• _WHAT YOU NEED TO DO_:
Your answer must be an exact copy of the listing, with the images left out.

• _AVAILABLE DATA_:
[Start of Attachment]

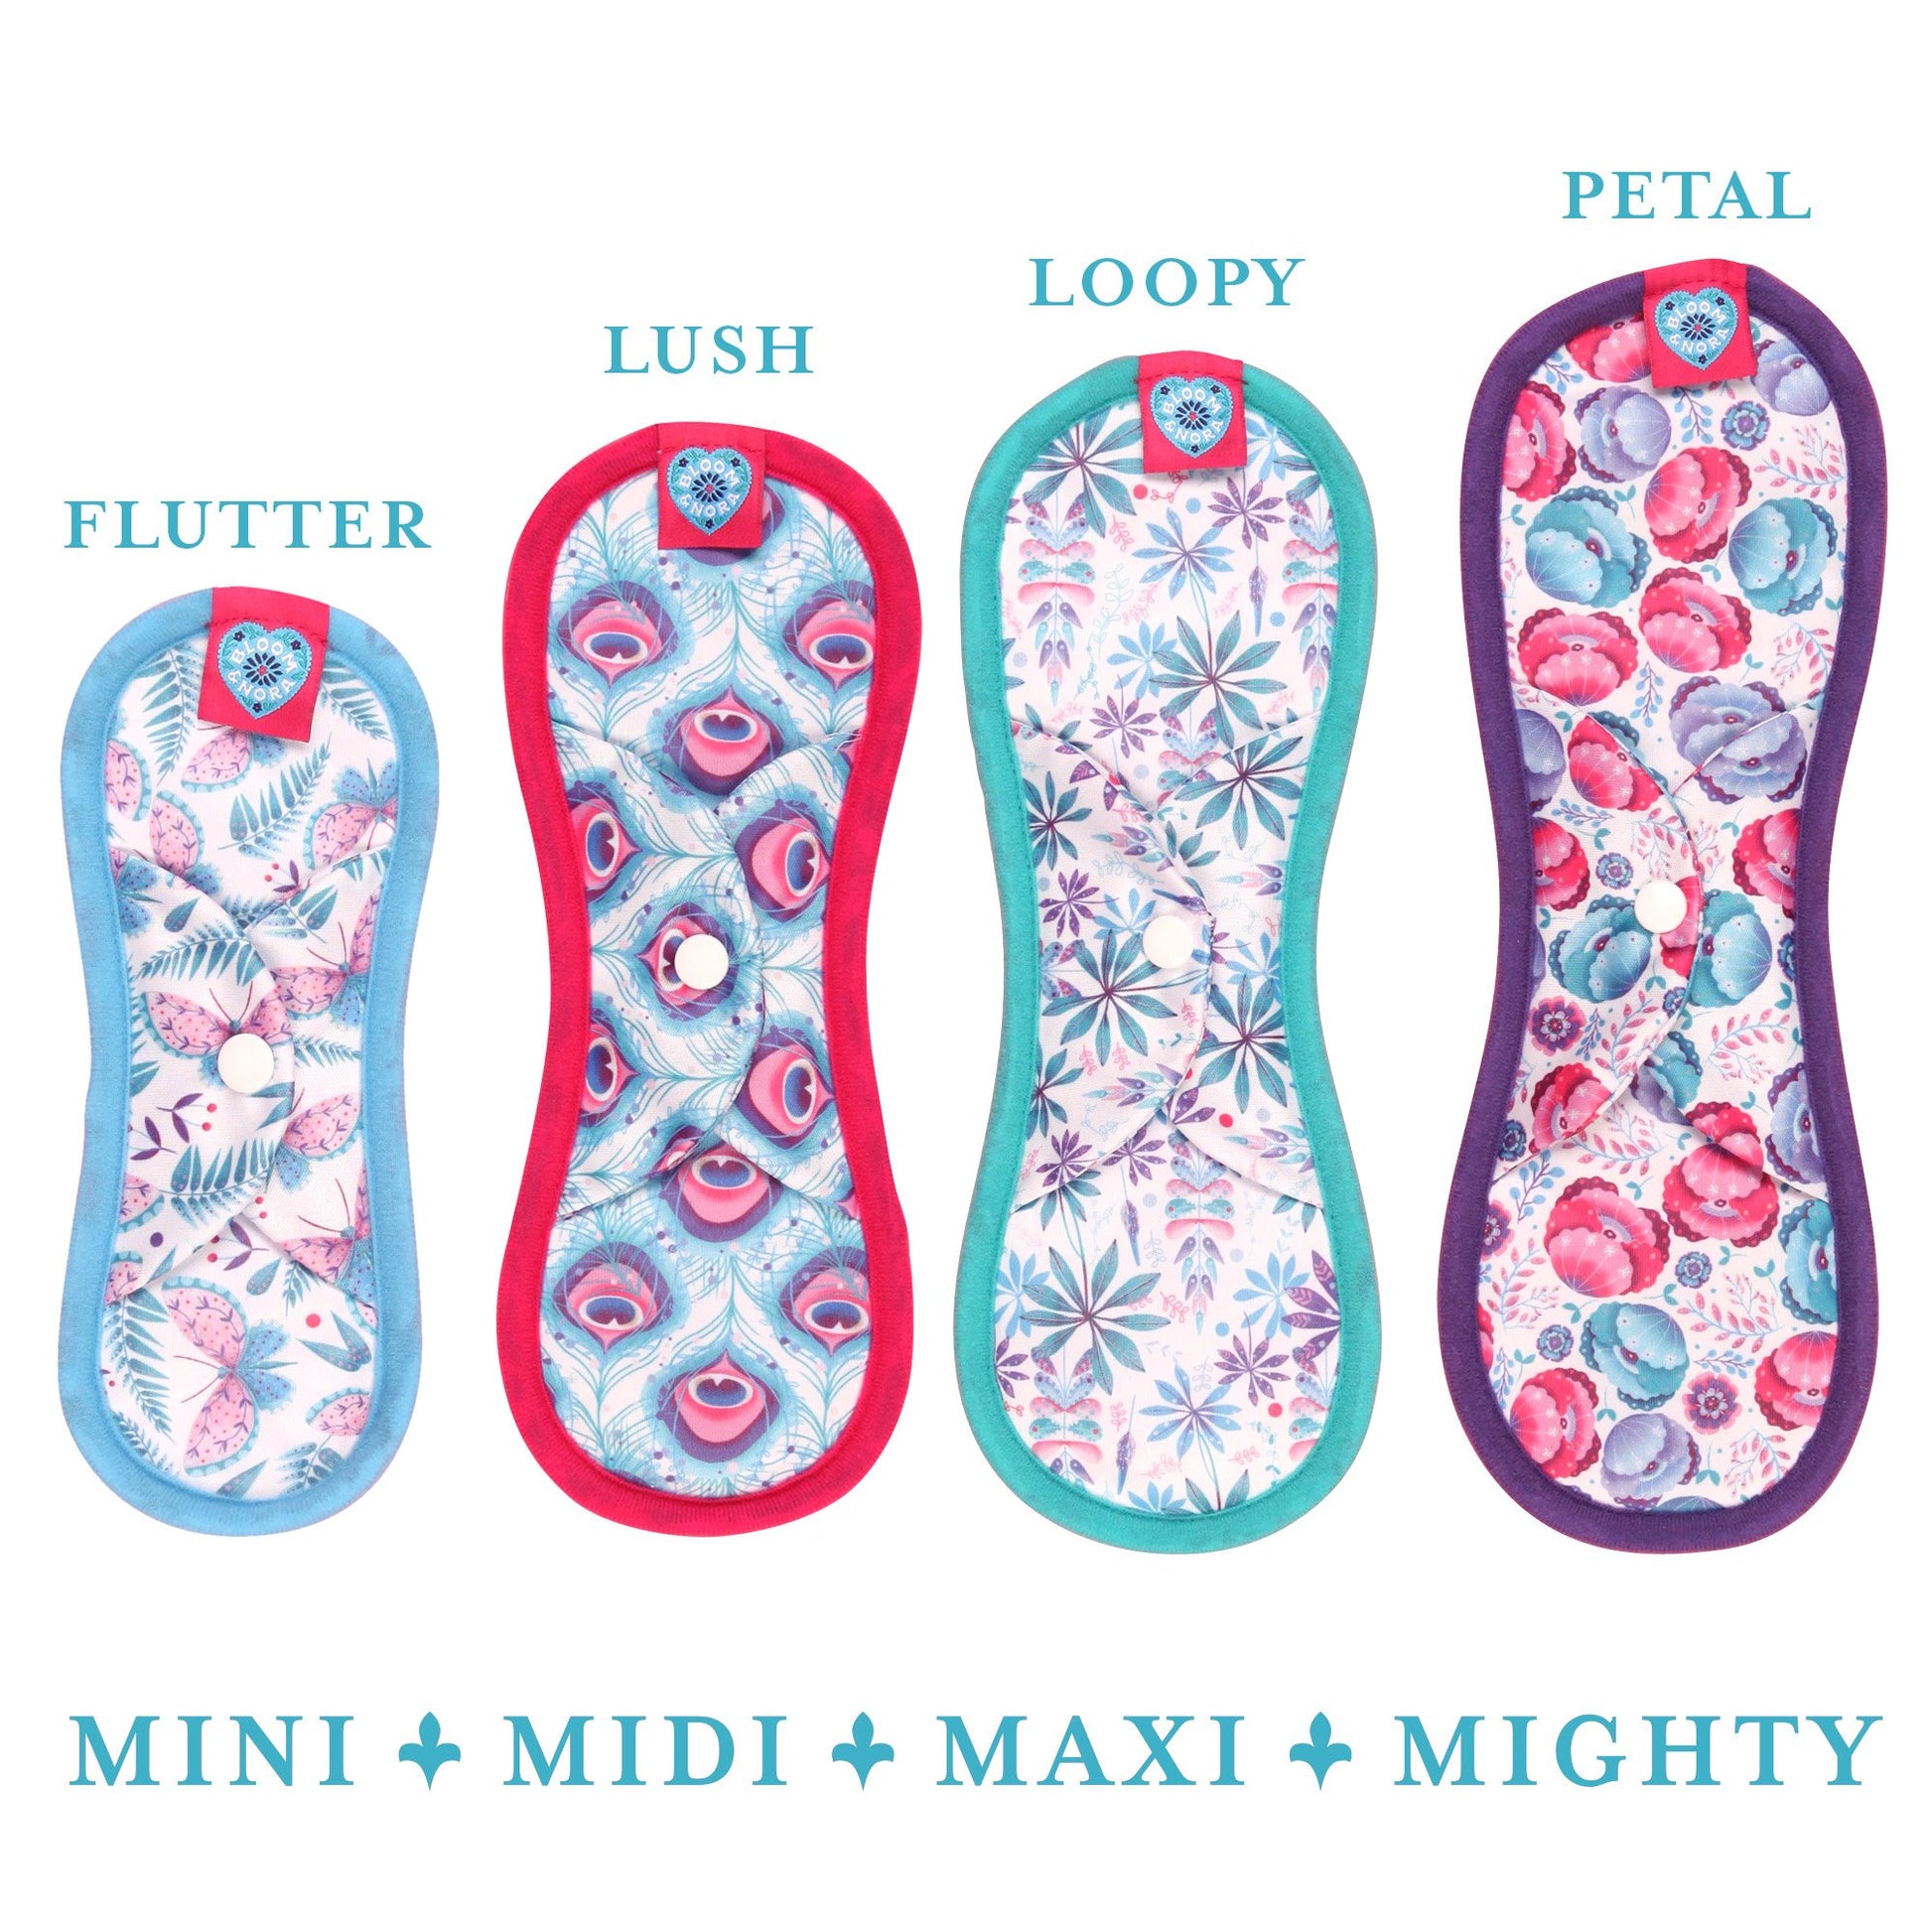 Bloom & Nora Reusable Cloth Sanitary Pad Size & Flow Chart
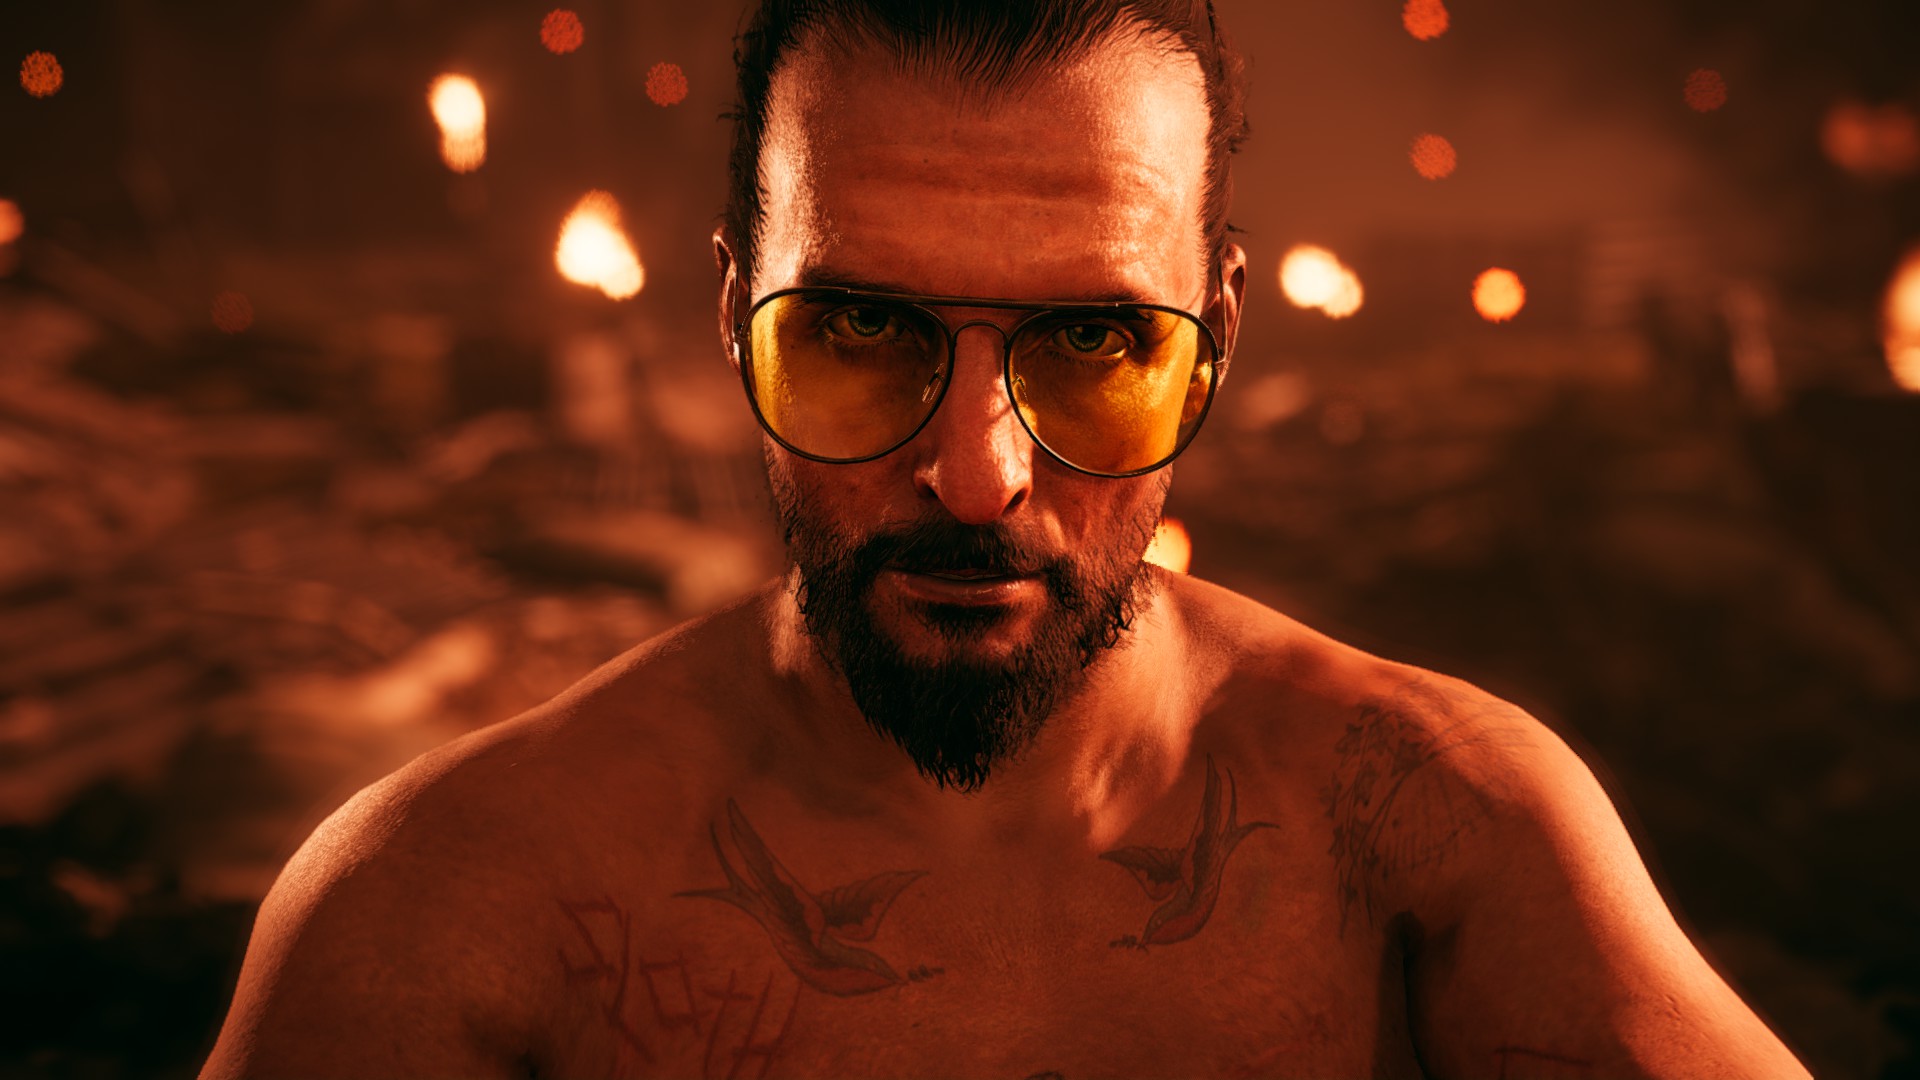 Far Cry 5 - Will Joseph Seed Be The Best Bad Guy? - Green Man Gaming Blog
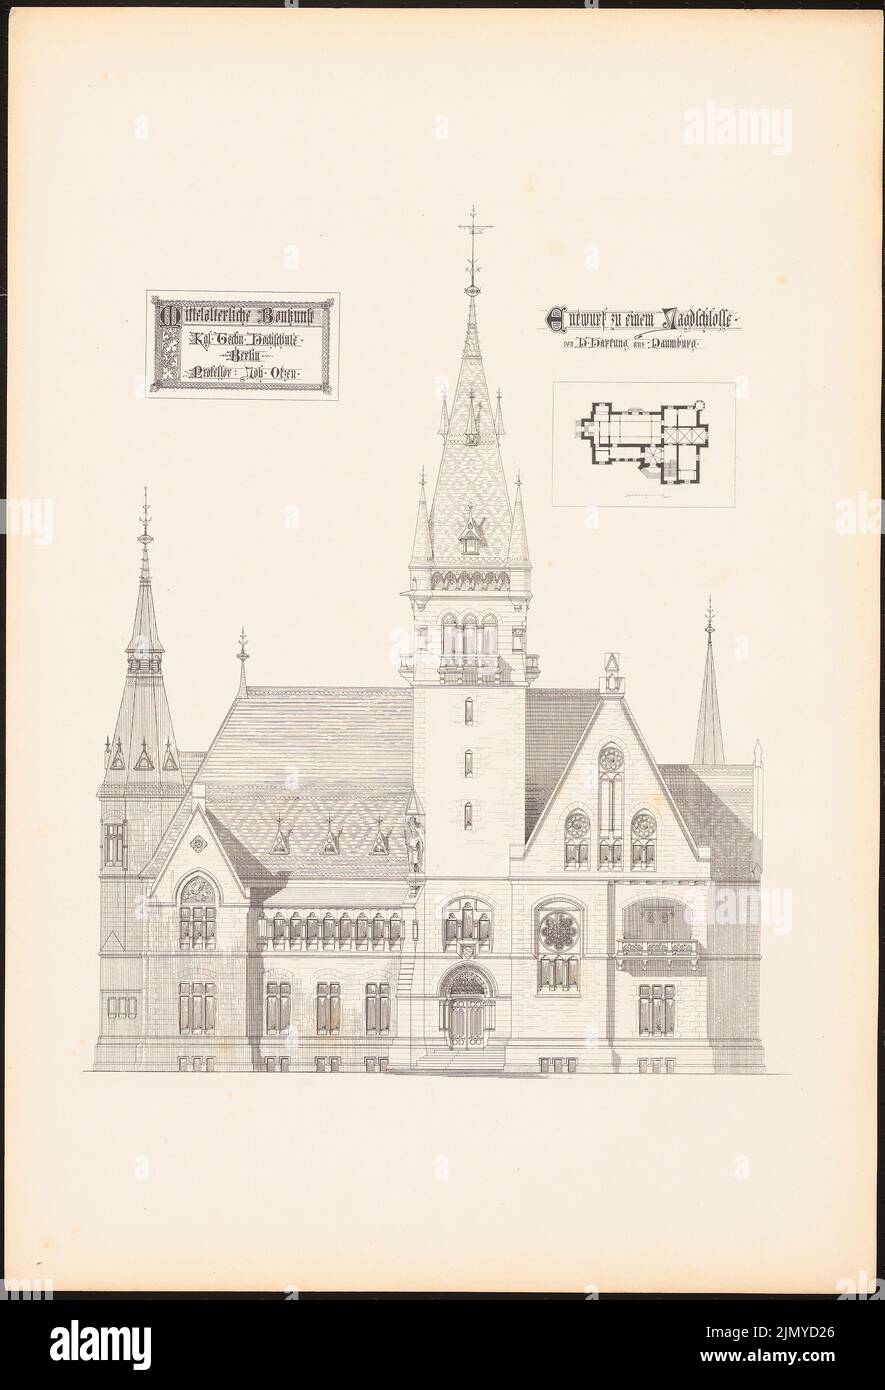 Hartung Hans, hunting lodge. (From: Medieval architecture. Designs by the students of the Royal Technical University of Berlin, ed. Pressure on paper, 55.4 x 37.8 cm (including scan edges) Stock Photo

[End of Attachment]

• _ANSWER_:
 Bloom & Nora Reusable Cloth Sanitary Pad Size & Flow Chart
 Far Cry 5 - Will Joseph Seed Be The Best Bad Guy? - Green Man Gaming Blog
 Hartung Hans, hunting lodge. (From: Medieval architecture. Designs by the students of the Royal Technical University of Berlin, ed. Pressure on paper, 55.4 x 37.8 cm (including scan edges) Stock Photo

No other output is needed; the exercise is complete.